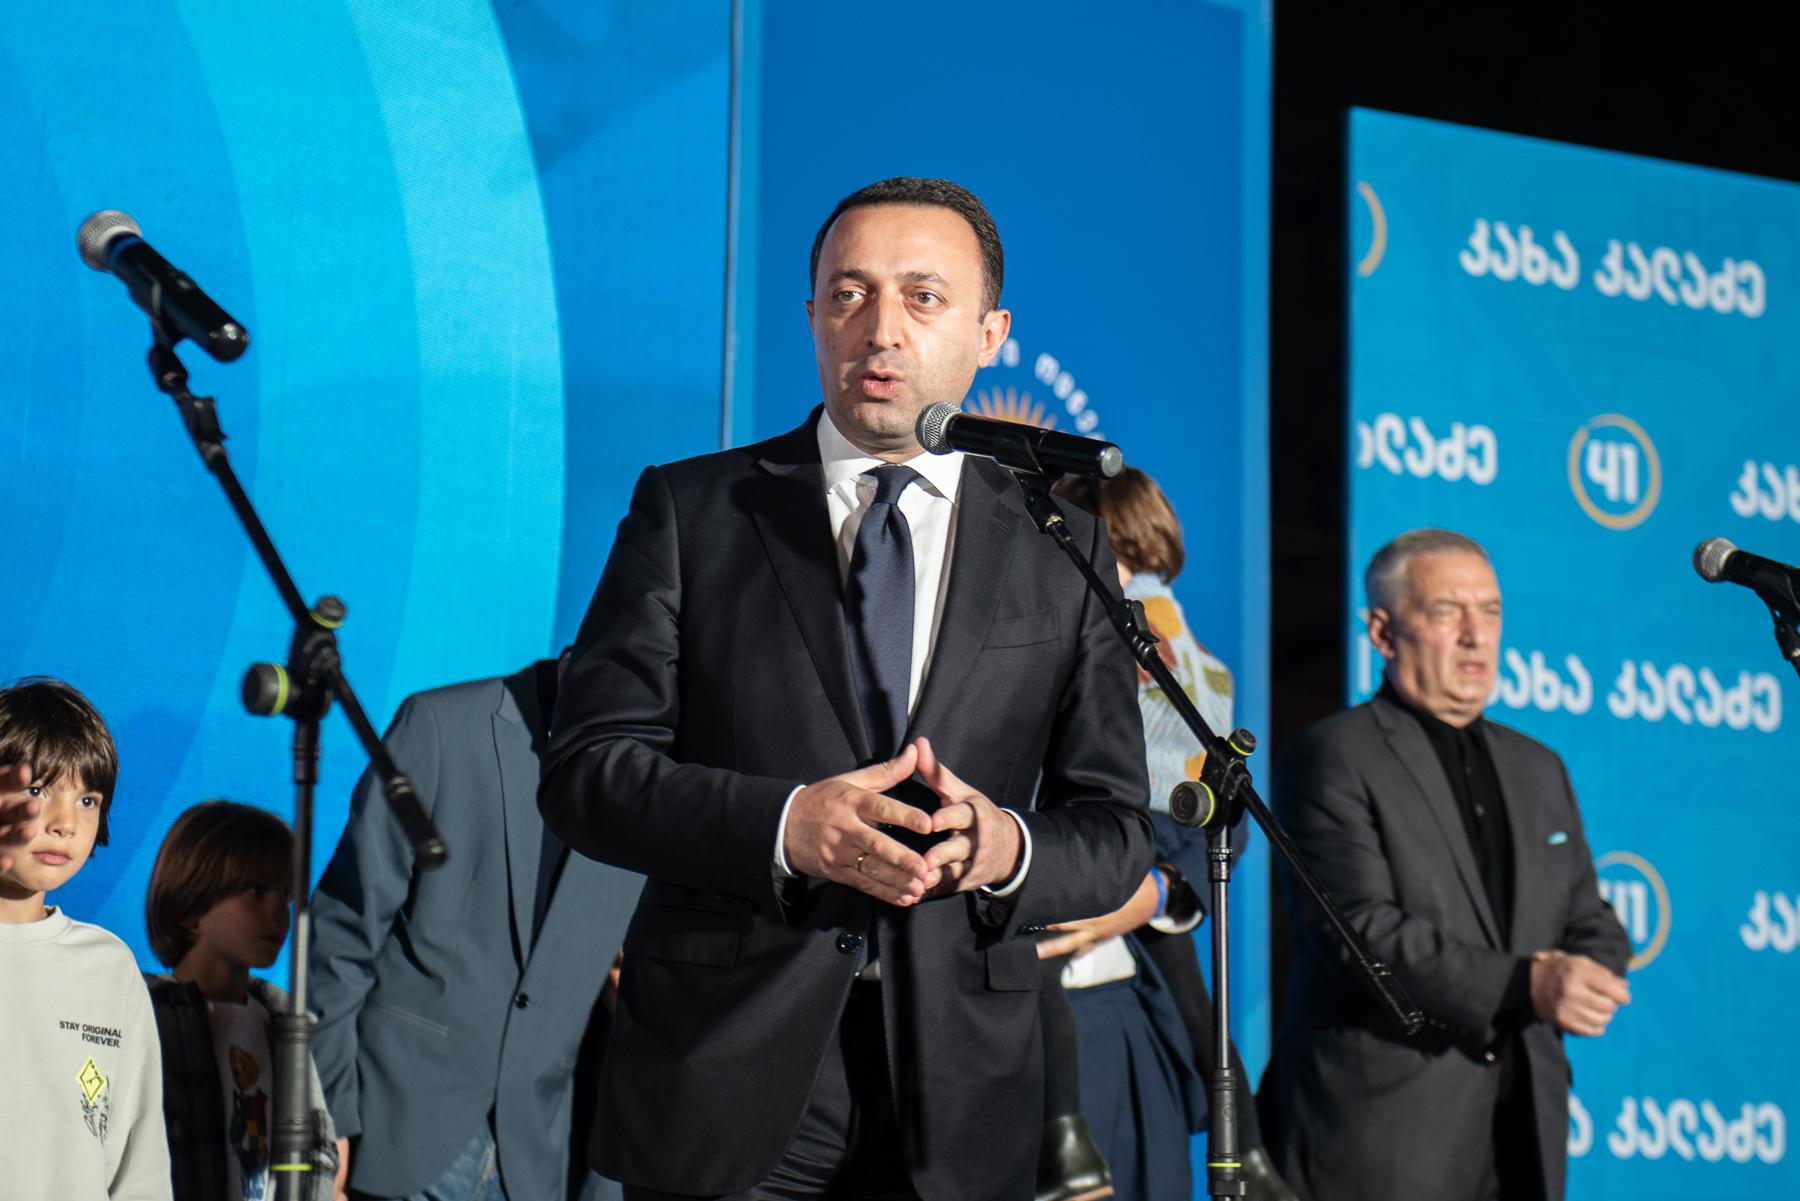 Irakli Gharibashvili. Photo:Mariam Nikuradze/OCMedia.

* * *

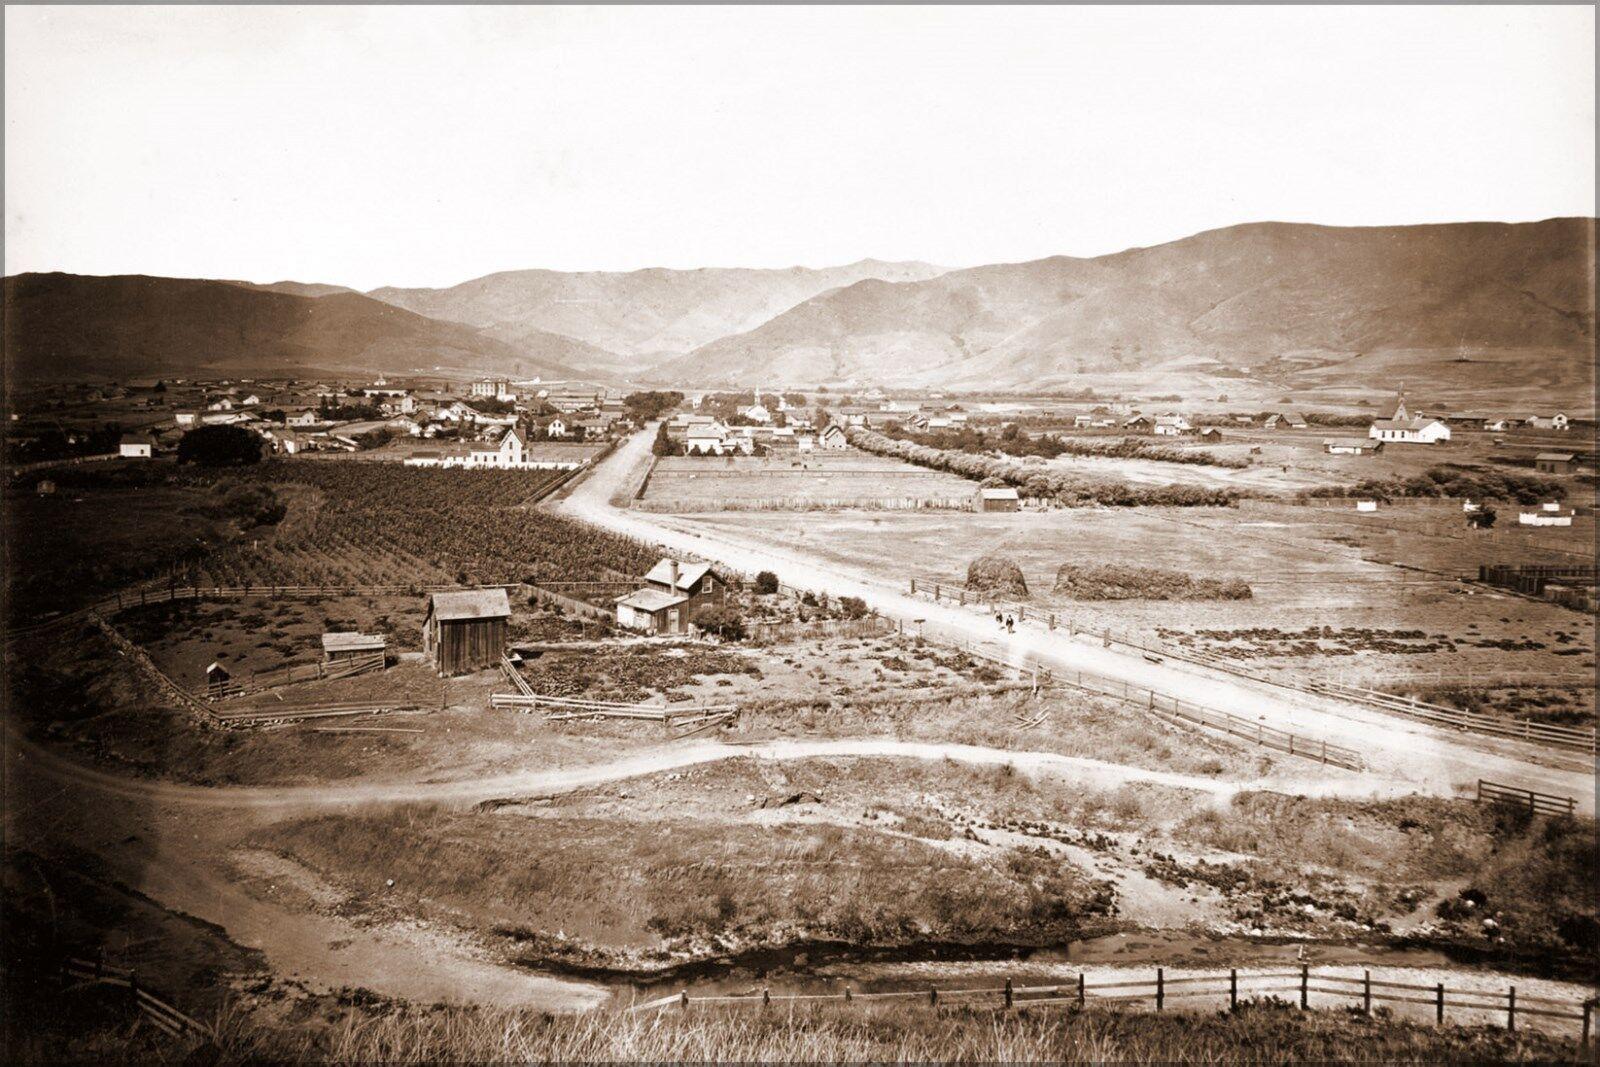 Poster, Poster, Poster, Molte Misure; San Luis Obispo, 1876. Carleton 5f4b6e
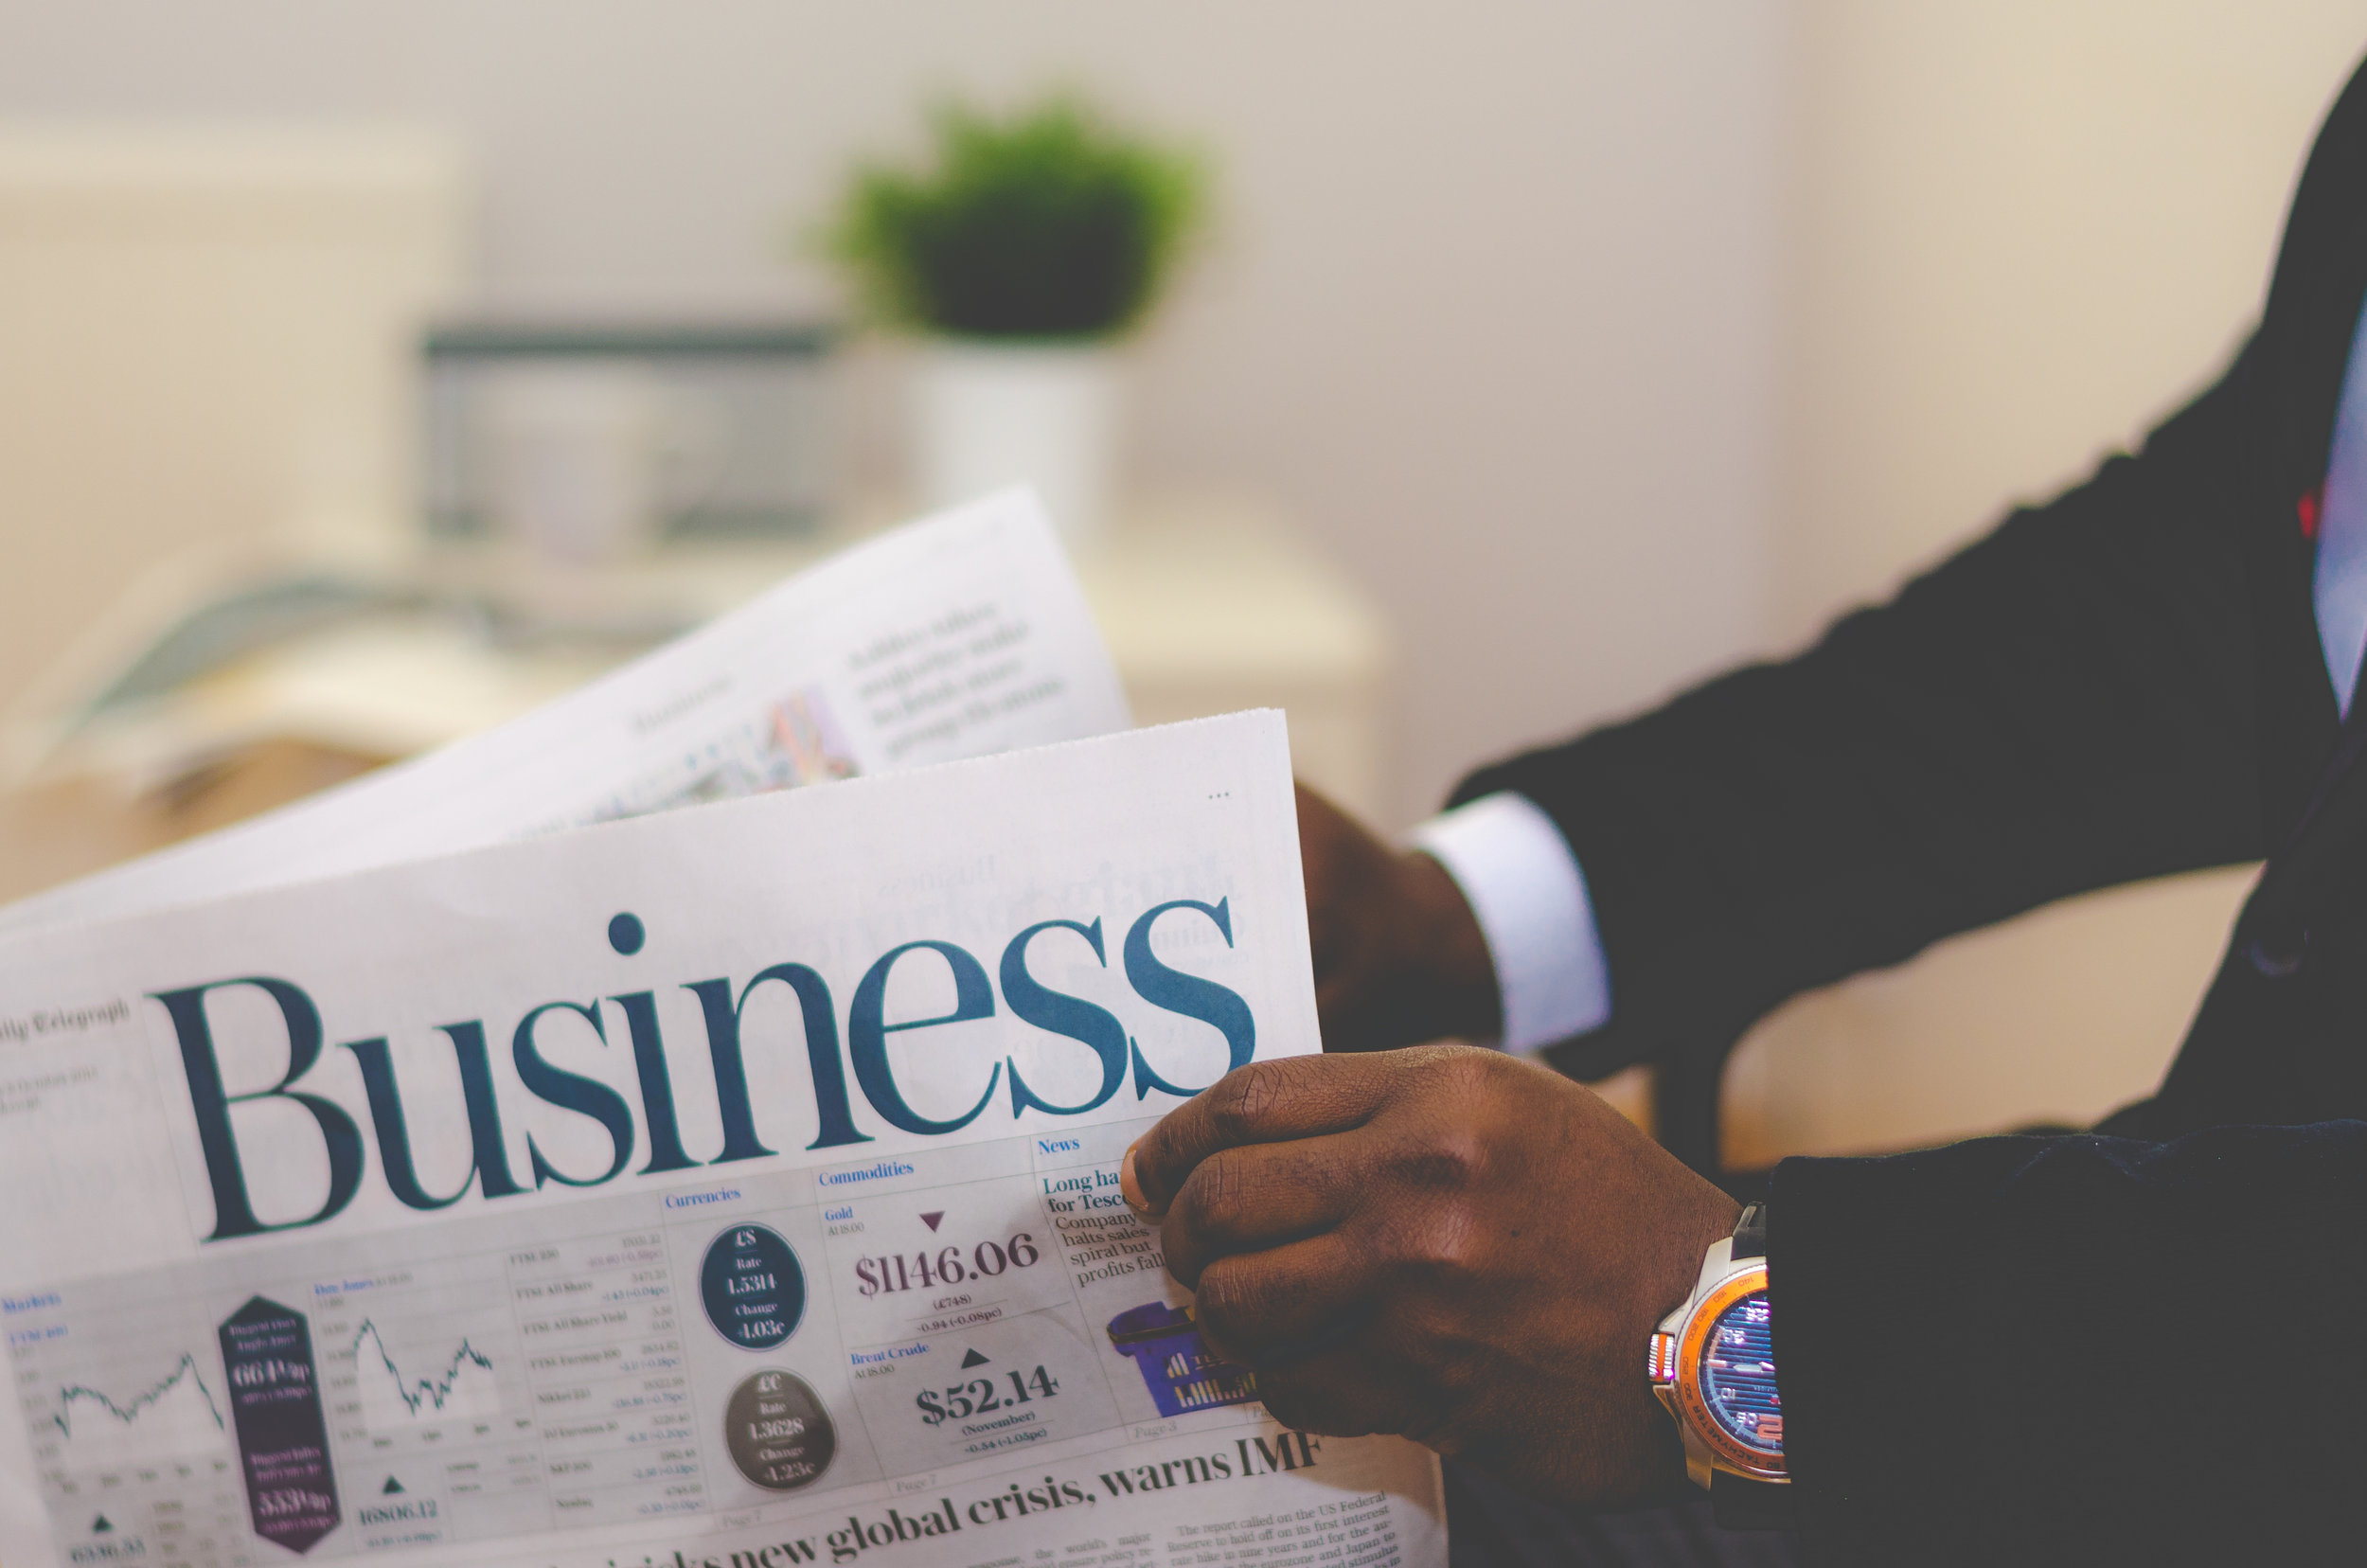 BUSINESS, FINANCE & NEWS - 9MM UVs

==

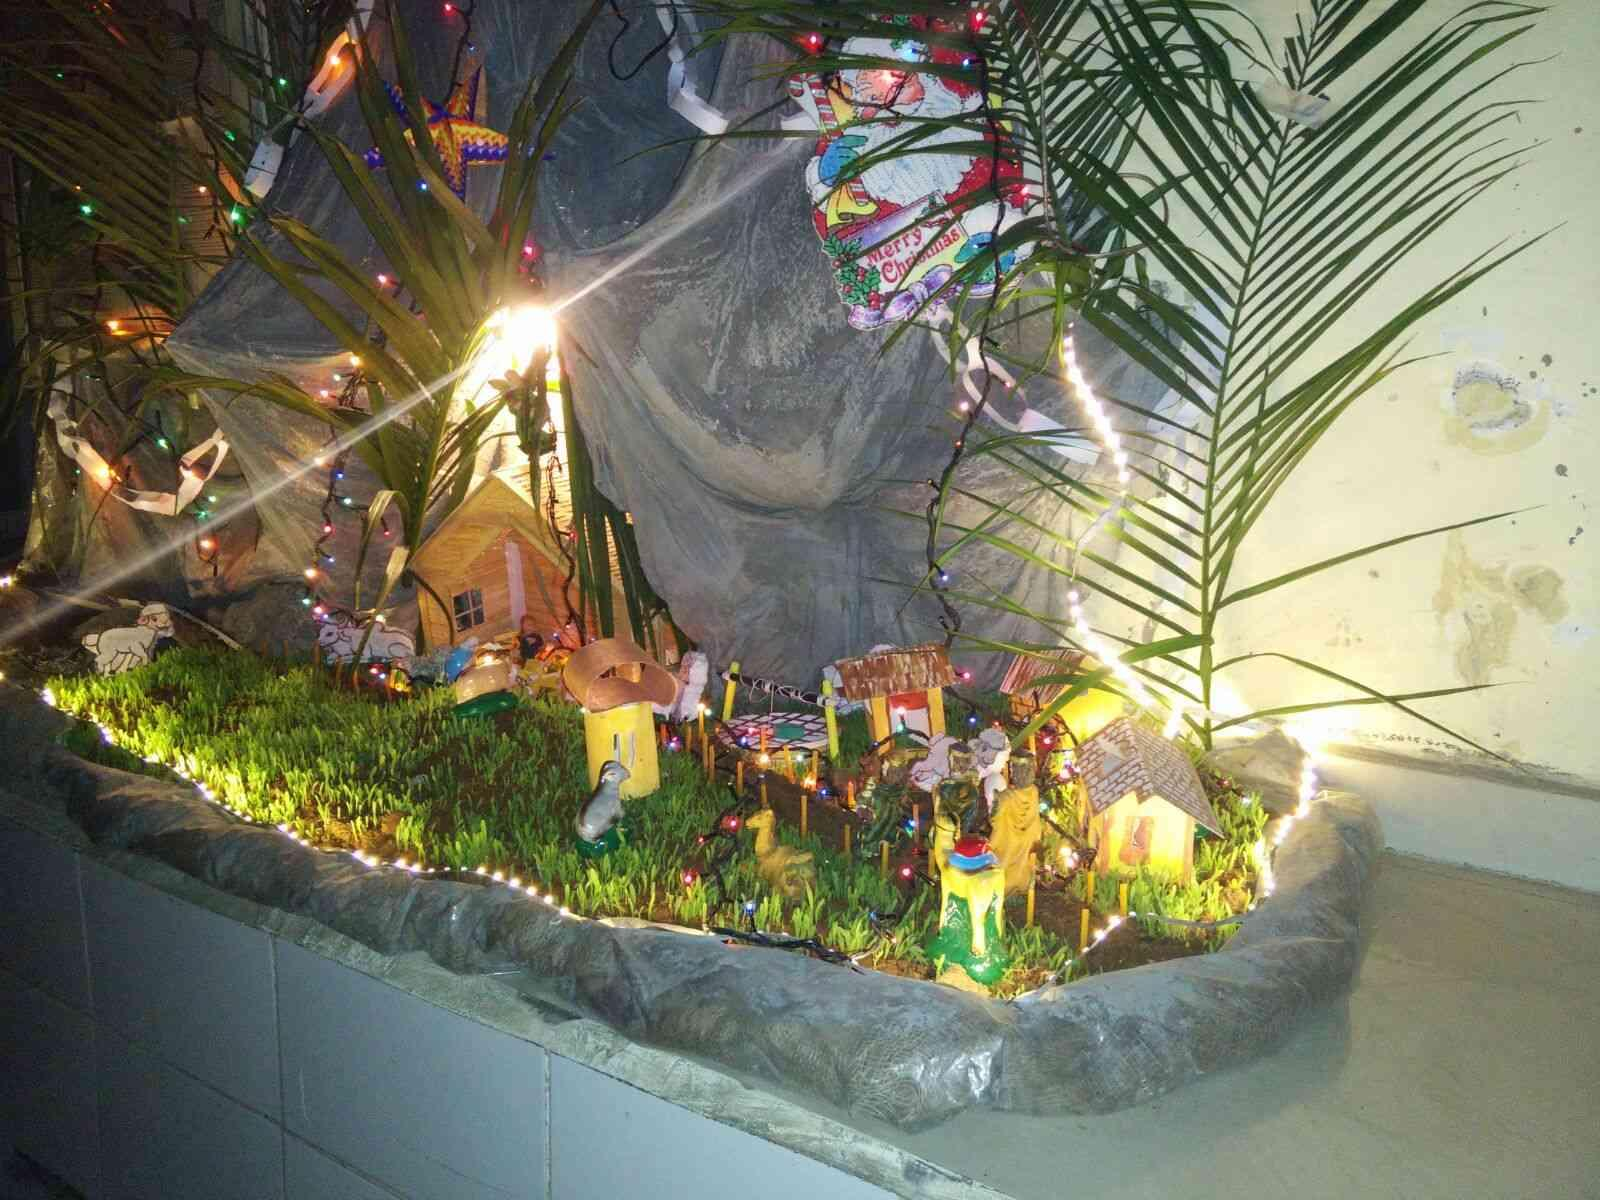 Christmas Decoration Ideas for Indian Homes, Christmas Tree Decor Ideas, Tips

Exercise aim: Output exactly the stretch of the listing that begins at the line containing "Poster, Poster, Poster, Molte" and ends at the line containing "BUSINESS, FINANCE & NEWS - 9MM UVs", both kept. Omit pictures and everything else.

Response to this task:
 Poster, Poster, Poster, Molte Misure; San Luis Obispo, 1876. Carleton 5f4b6e
 BUSINESS, FINANCE & NEWS - 9MM UVs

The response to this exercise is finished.